If ThisCHR >= Asc("A") And ThisCHR <= Asc("Z")
    ; Uppercase
EndIf

If ThisCHR >= Asc("a") And ThisCHR <= Asc("z")
    ; Lowercase
EndIf

That works, but it’s messy to write out in full every time. So let’s clean it up by rolling it into a helper function:

Function IsAlphaCHR(ThisCHR)
    State = (ThisCHR >= Asc("a") And ThisCHR <= Asc("z")) Or _
            (ThisCHR >= Asc("A") And ThisCHR <= Asc("Z"))
EndFunction State

Now we can simply check:

If IsAlphaCHR(ThisCHR)
    Print Chr$(ThisCHR)
EndIf

That already gives us all the letters from our string — but one at a time.

To make it more useful, we’ll start grouping consecutive letters into words.


Grouping Characters into Words

Instead of reacting to each character individually, we look ahead to find where a run of letters ends. This is done with a nested loop:

If IsAlphaCHR(ThisCHR)
    For ChrLP = lp To Len(s$)
        If Not IsAlphaCHR(Mid(s$, ChrLP)) Then Exit
        EndPOS = ChrLP
    Next
    ThisWord$ = Mid$(s$, lp, (EndPOS - lp) + 1)
    Print "Word: " + ThisWord$
    lp = EndPOS
EndIf

Now our lexer can detect whole words — groups of letters treated as a single unit.

That’s the first real step toward tokenization.


Detecting Whitespace

The next type of token is whitespace — spaces and tabs.

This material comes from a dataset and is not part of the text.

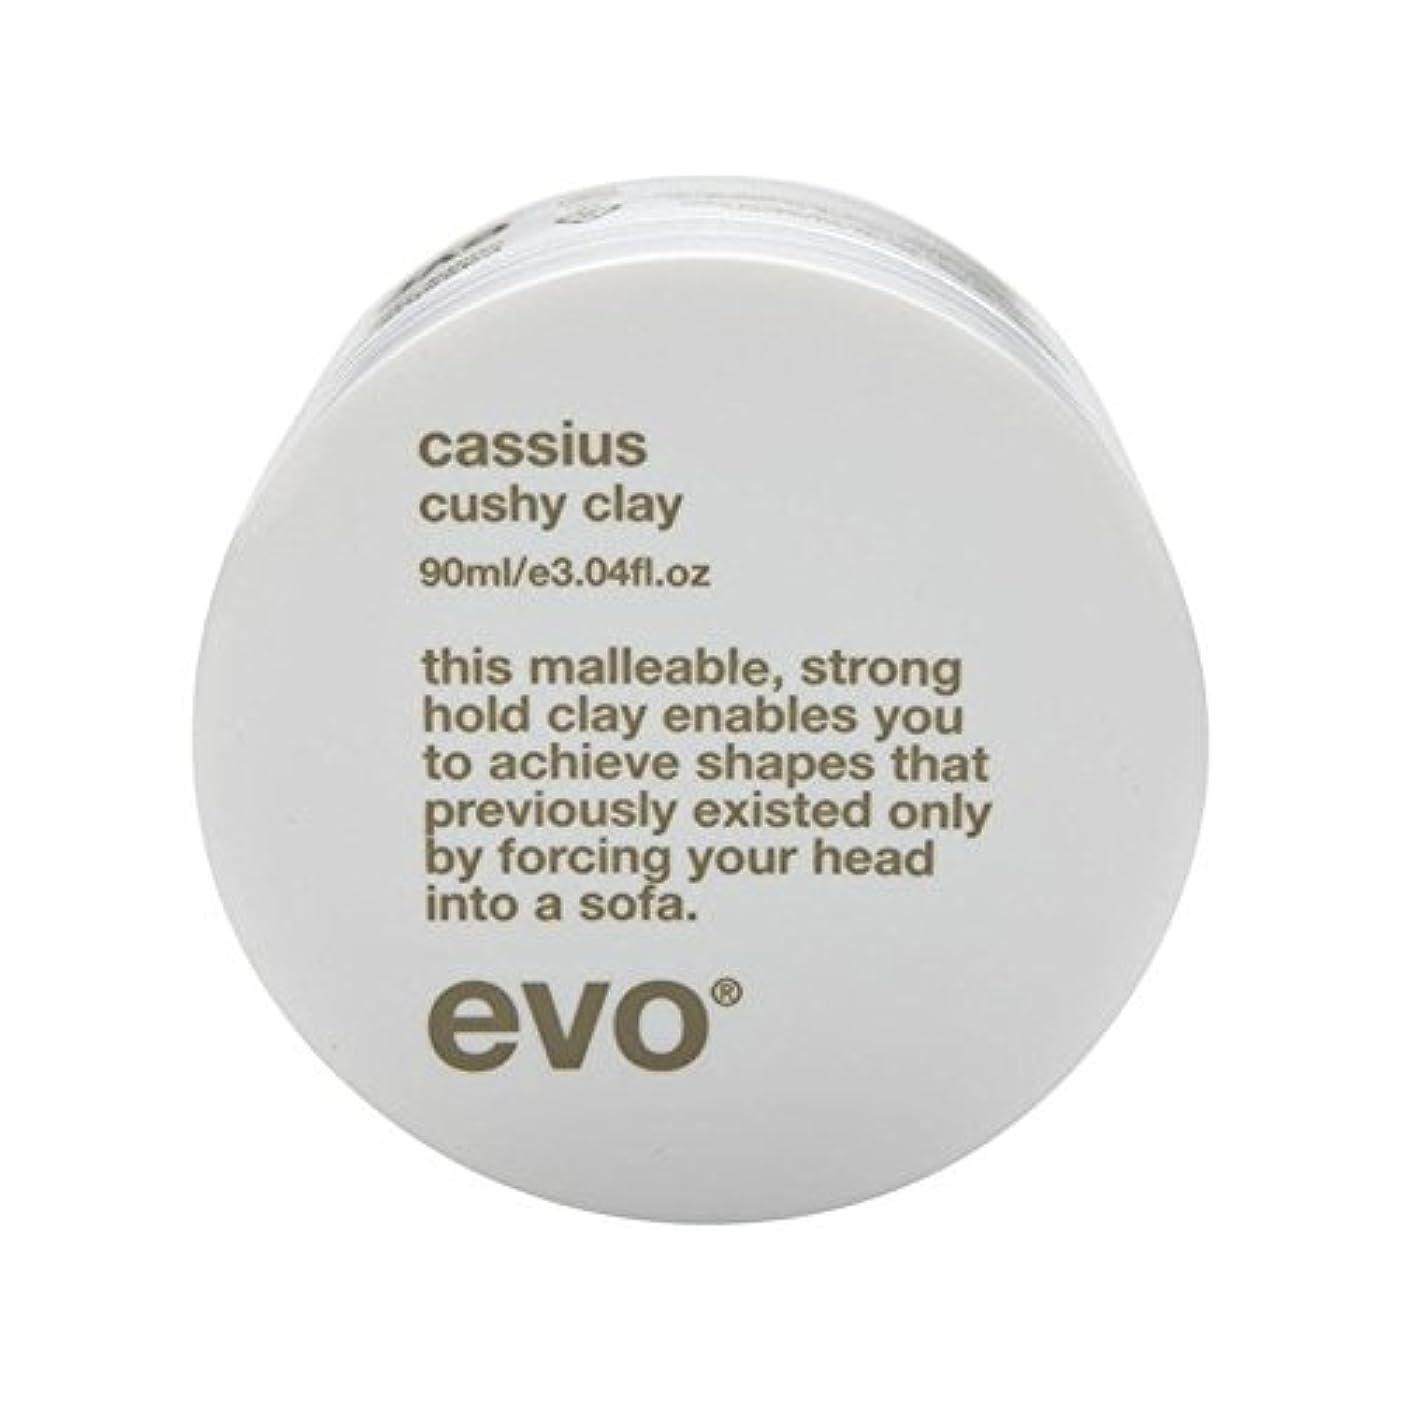 犬ゴシップ増加するエボカシウス楽な粘土90グラム x2 - Evo Cassius Cushy Clay 90G (Pack of 2) [並行輸入品]

We’ll build another helper function:

Function IsWhiteSpace(ThisCHR)
    State = (ThisCHR = Asc(" ")) Or (ThisCHR = 9)
EndFunction State

Then use the same nested-loop pattern:

If IsWhiteSpace(ThisCHR)
    For ChrLP = lp To Len(s$)
        If Not IsWhiteSpace(Mid(s$, ChrLP)) Then Exit
        EndPOS = ChrLP
    Next
    WhiteSpace$ = Mid$(s$, lp, (EndPOS - lp) + 1)
    Print "White Space: " + Str$(Len(WhiteSpace$))
    lp = EndPOS
EndIf

Now we can clearly see which parts of the string are spaces and how many characters each whitespace block contains.


Detecting Numbers

Finally, let’s detect numeric characters using another helper:

Function IsNumericCHR(ThisCHR)
    State = (ThisCHR >= Asc("0")) And (ThisCHR <= Asc("9"))
EndFunction State

And apply it just like before:

If IsNumericCHR(ThisCHR)
    For ChrLP = lp To Len(s$)
        If Not IsNumericCHR(Mid(s$, ChrLP)) Then Exit
        EndPOS = ChrLP
    Next
    Number$ = Mid$(s$, lp, (EndPOS - lp) + 1)
    Print "Number: " + Number$
    lp = EndPOS
EndIf

Now we can identify three types of tokens:

Words (alphabetical groups)

Whitespace (spaces and tabs)

Numbers (digits)


Defining a Token Structure

Up to this point, our program just prints what it finds.

Let’s store these tokens properly by defining a typed array.

Type tToken
    TokenType
    Value$
    Position
EndType
Dim Tokens(1000) As tToken

We’ll also define some constants for readability:

Constant TokenTYPE_WORD        = 1
Constant TokenTYPE_NUMERIC     = 2
Constant TokenTYPE_WHITESPACE  = 4

As we detect tokens, we add them to the array:

Tokens(TokenCount).TokenType = TokenTYPE_WORD
Tokens(TokenCount).Value$    = ThisWord$
TokenCount++

Do the same for whitespace and numbers, and our lexer now builds a real list of tokens as it runs.


Displaying Tokens by Type

To visualize the result, we can print each token in a different colour:

For lp = 0 To TokenCount - 1
    Select Tokens(lp).TokenType
        Case TokenTYPE_WORD:       c = $00FF00 ; green
        Case TokenTYPE_NUMERIC:    c = $0000FF ; blue
        Case TokenTYPE_WHITESPACE: c = $000000 ; black
        Default:                   c = $FF0000
    EndSelect

    Ink c
    Print Tokens(lp).Value$
Next

When we run this version, we see numbers printed in blue, words in green, and whitespace appearing as black gaps — exactly how a simple syntax highlighter or compiler front-end might visualize tokenized text.


Wrapping Up

And that’s it — our first lexer!

It reads through a line of text, classifies what it finds, and records each token type for later use.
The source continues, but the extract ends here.